** Input for this task **
▬▬▬

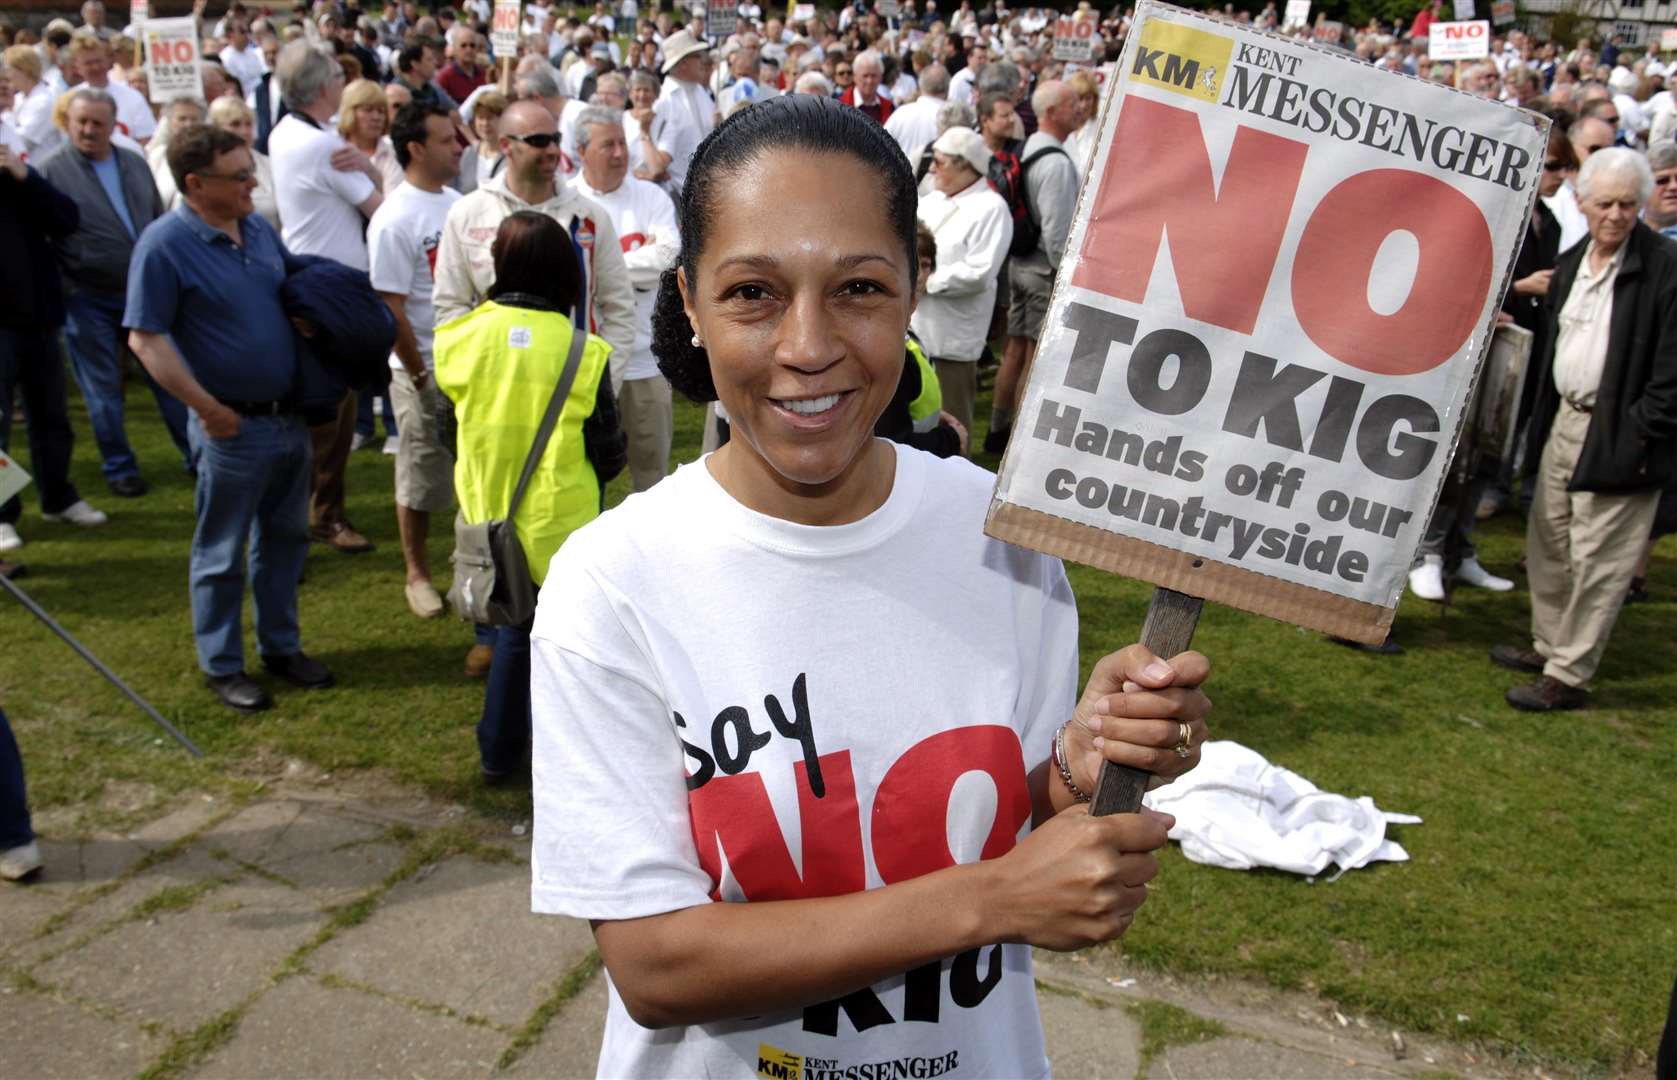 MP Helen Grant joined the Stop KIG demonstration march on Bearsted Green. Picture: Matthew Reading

▬▬▬

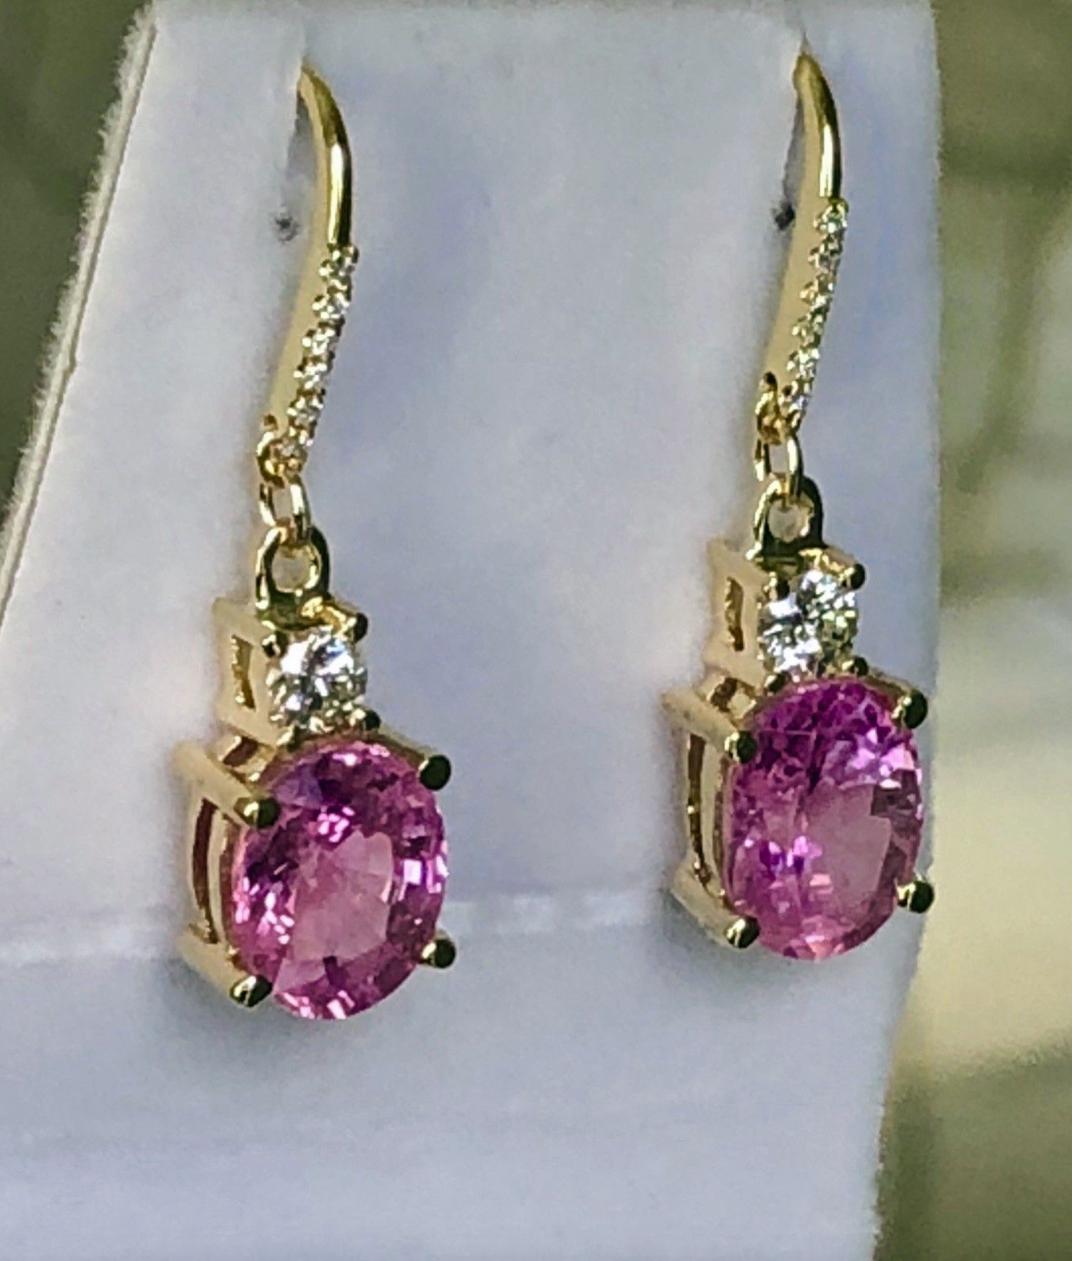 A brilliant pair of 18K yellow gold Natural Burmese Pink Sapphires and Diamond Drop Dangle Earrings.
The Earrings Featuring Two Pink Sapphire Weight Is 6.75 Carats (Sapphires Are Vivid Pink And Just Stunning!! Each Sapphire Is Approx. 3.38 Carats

▬▬▬

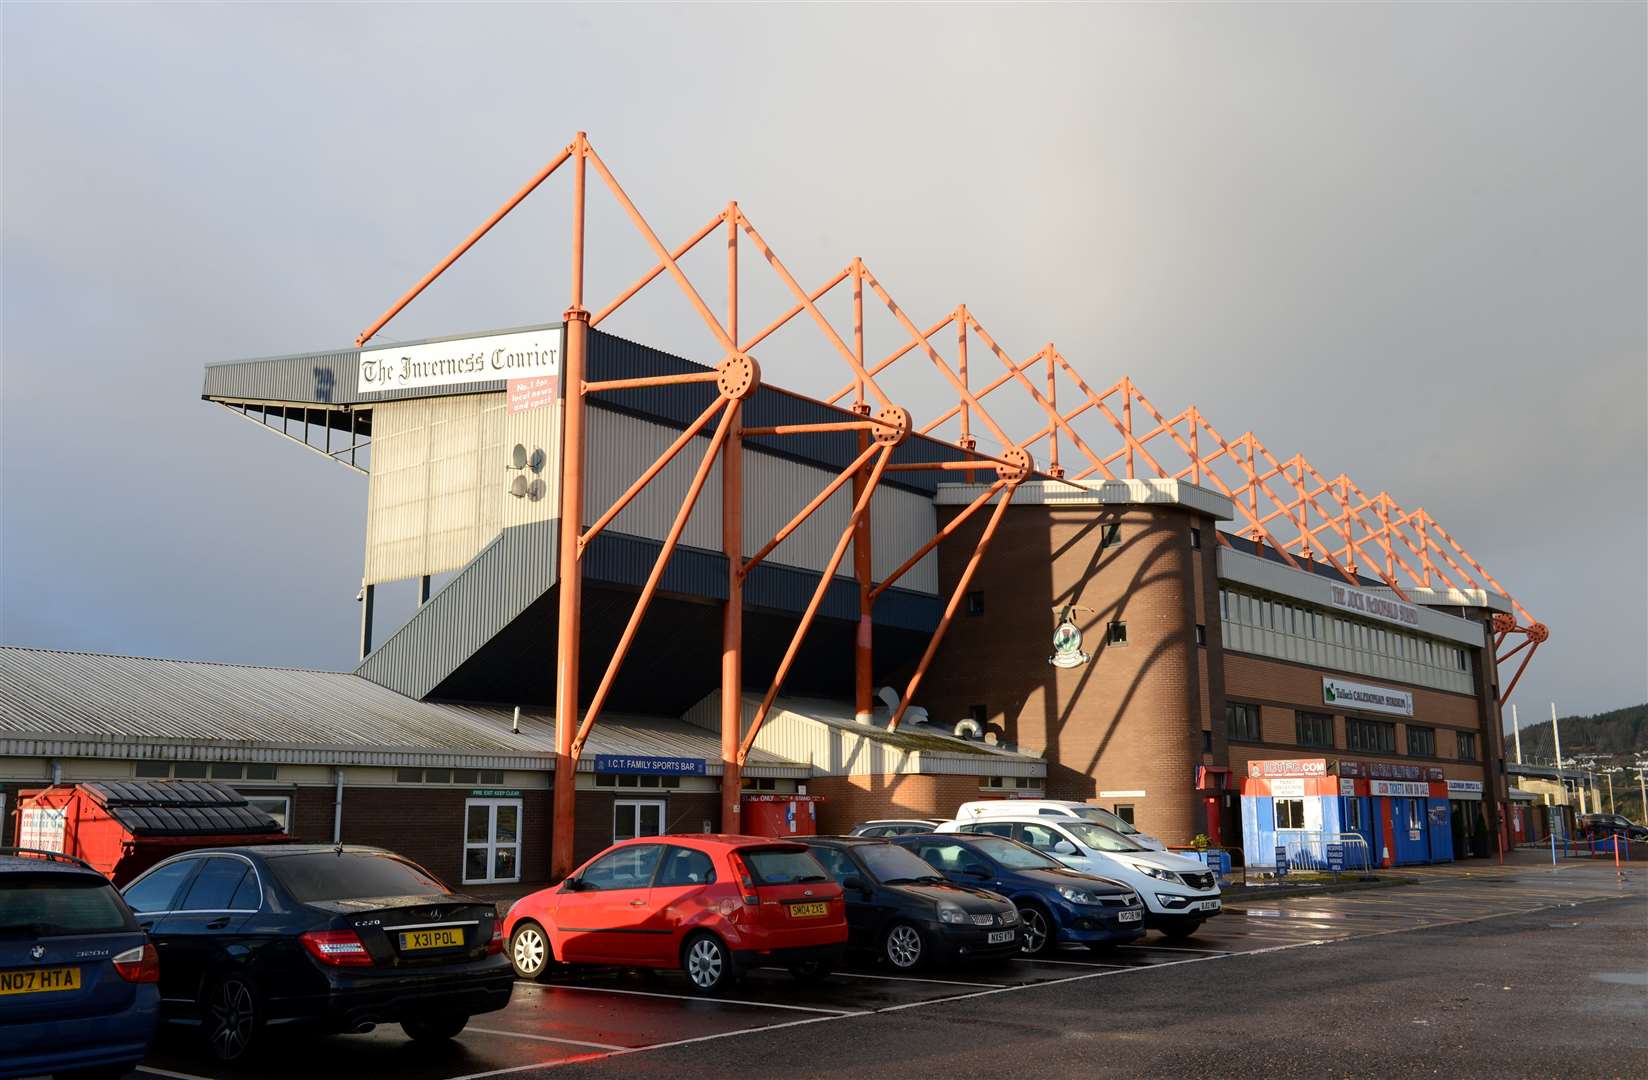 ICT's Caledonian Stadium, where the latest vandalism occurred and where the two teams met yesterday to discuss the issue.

▬▬▬

** Activity **
Leaving pictures out, output the lines of the data above from the one with "A brilliant pair" through the one with "The Earrings Featuring", word for word.

** Completed exercise **
 A brilliant pair of 18K yellow gold Natural Burmese Pink Sapphires and Diamond Drop Dangle Earrings.
The Earrings Featuring Two Pink Sapphire Weight Is 6.75 Carats (Sapphires Are Vivid Pink And Just Stunning!! Each Sapphire Is Approx. 3.38 Carats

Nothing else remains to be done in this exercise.